Re: mapM is supralinear?

Lennart Augustsson
You seem to ignore garbage collection.

On Sat, Sep 24, 2011 at 6:40 AM, Arseniy Alekseyev <[hidden email]> wrote:
> Apparently it doesn't, and it seems to be fixed now.

Does anyone know what exactly the bug was? Because this seems like a
serious bug to me. I've run into it myself today and wasn't happy.
Linear algorithms should work in linear time however much memory they
allocate (modulo cache thrashing of course).
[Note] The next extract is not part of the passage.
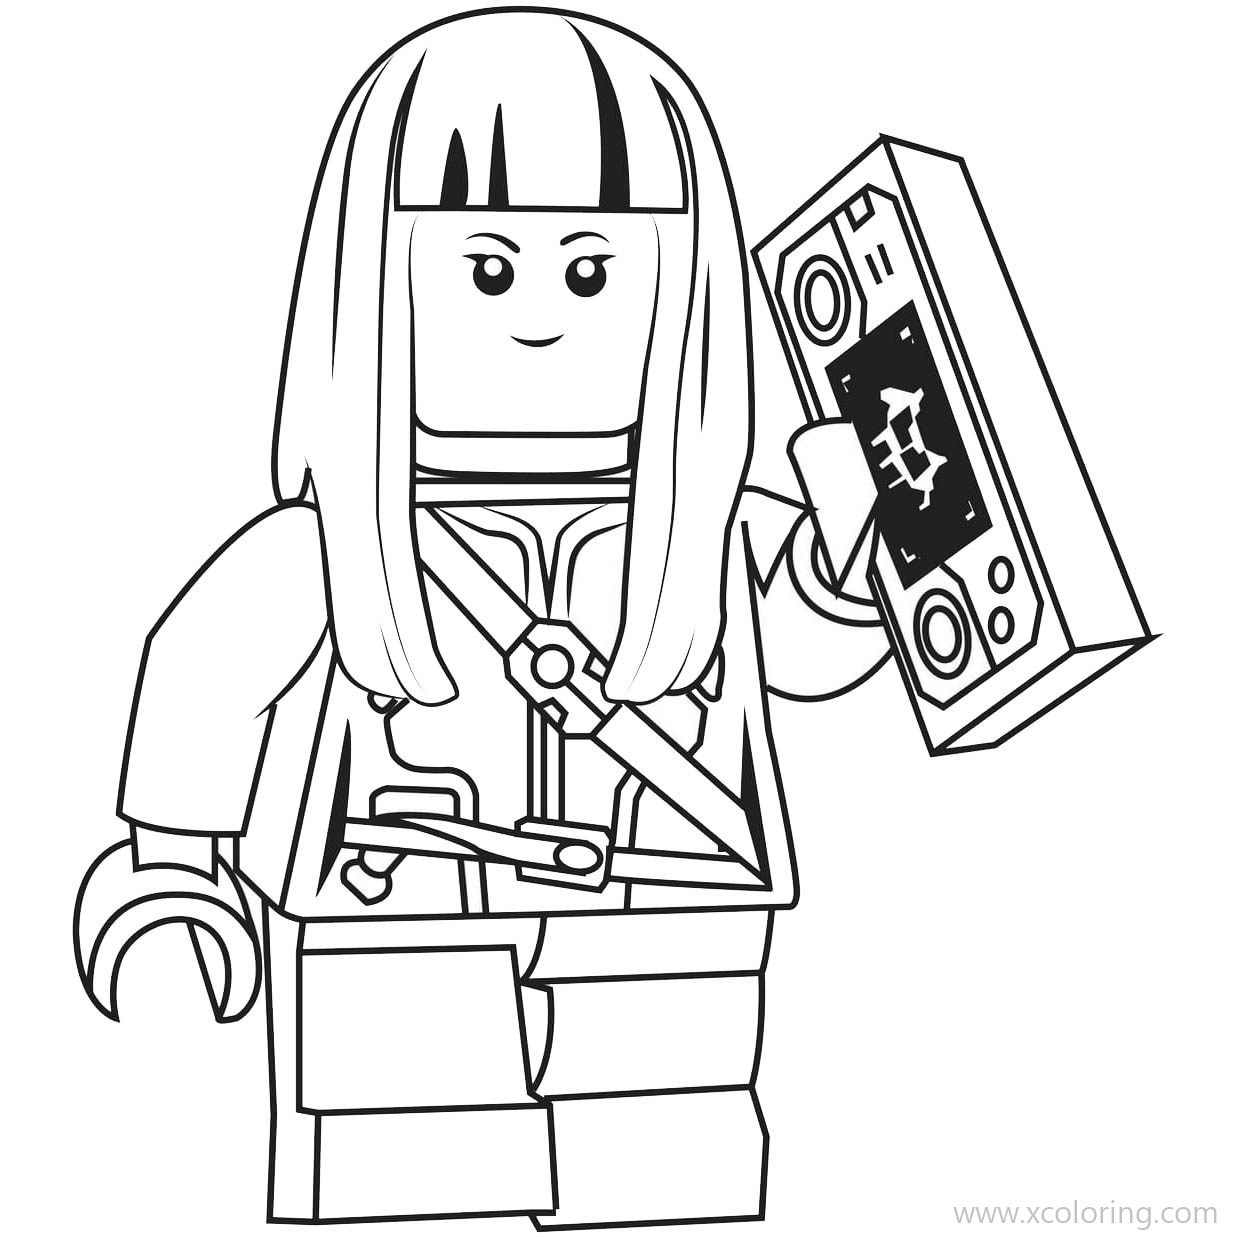 Free Ava from LEGO NEXO Knights Coloring Pages printable

Existence of people
claiming otherwise surprises me!


On 22 September 2011 01:05, John Lato <[hidden email]> wrote:
> On Wed, Sep 21, 2011 at 1:57 PM, Tim Docker <[hidden email]> wrote:
>>
>> On 09/09/2011, at 8:19 PM, John Lato wrote:
>>
>>> Agreed.  Whenever I'd like to use mapM (or any other function for
>>> which a *M_ is available), I've found the following rules helpful:
>>>
>>> 1.  If I can guarantee the list is short (~ n<=20), go ahead and use mapM
>>> 2.  Otherwise use mapM_, foldM_, or foldM if a real reduction is
>>> possible (i.e. not "foldM snocM []").
>>>
>>> Step 2 sometimes requires changing my design, but it's always been for
>>> the better.  `mapM_` tends to require more pipeline composition, so
>>> it's leveraging the language's strengths.
>>
>> This thread is really interesting - it relates directly to problems I am
>> currently
>> having with mapM over large lists (see the thread "stack overflow pain").
>>
>> Can you explain what you mean by "mapM_ tends to require more pipeline
>> composition"?
>> In what way is it leveraging the language strengths?
>
> Hmm, that is suitably cryptic.  One way to think of it is an inversion
> of control.  Instead of operating on whole collections of things in a
> monad, you specify monadic actions (pipelines) which are applied
> sequentially to each input.
>
> Here's a simple example.  Suppose you have a bunch of data serialized
> to files, and you want to read each file into a data structure, apply
> some process based upon the last file's data, and write out the output
> to new files.  One way to do that would look like:
>
> do
>    dats <- mapM readMyData files
>    let pairs = zip (mempty:dats) dats
>    zipWithM_ (\(last, this) fname -> writeMyData (update last this)
> fname) pairs newFiles
>
> However, you could also put everything into a single monadic
> operation, like this
>
> do
>    foldM_ (\last (infile, outfile) -> do
>                                                    this <- readMyData infile
>                                                    writeMyData
> (update last this) outfile
>                                                    return this
>               )
>               mempty
>               (zip files newFiles)
>
> The first interleaves control (mapM, zipWIthM_) with monadic actions
> (file IO), whereas the second only has one control function (foldM_)
> which completely processes one input.  I say this is more pipeline
> composition because you have to create an entire pipeline from input
> to output, which is then sequentially fed inputs by the control
> function.
>
> I say this leverages Haskell's strengths because it's quite easy to
> compose functions and monadic actions in Haskell.  It also tends to be
> garbage-collector friendly.  I also find it much easier to reason
> about space usage.  You don't need to worry if part of a list is being
> retained, because the full list of data doesn't appear anywhere.  If
> you need to access prior elements they're specified explicitly so you
> know exactly how much data you're holding on to.
>
> My perspective might be warped by my work on iteratees, but I find
> this a very natural approach.
>
> John L.
>
> _______________________________________________
> Haskell-Cafe mailing list
> [hidden email]
> http://www.haskell.org/mailman/listinfo/haskell-cafe
>

_______________________________________________
Haskell-Cafe mailing list
[hidden email]
http://www.haskell.org/mailman/listinfo/haskell-cafe


_______________________________________________
Haskell-Cafe mailing list
[hidden email]
http://www.haskell.org/mailman/listinfo/haskell-cafe
Reply | Threaded
Open this post in threaded view
|

Re: mapM is supralinear?

Arseniy Alekseyev
Garbage collection takes amortized O(1) per allocation, doesn't it?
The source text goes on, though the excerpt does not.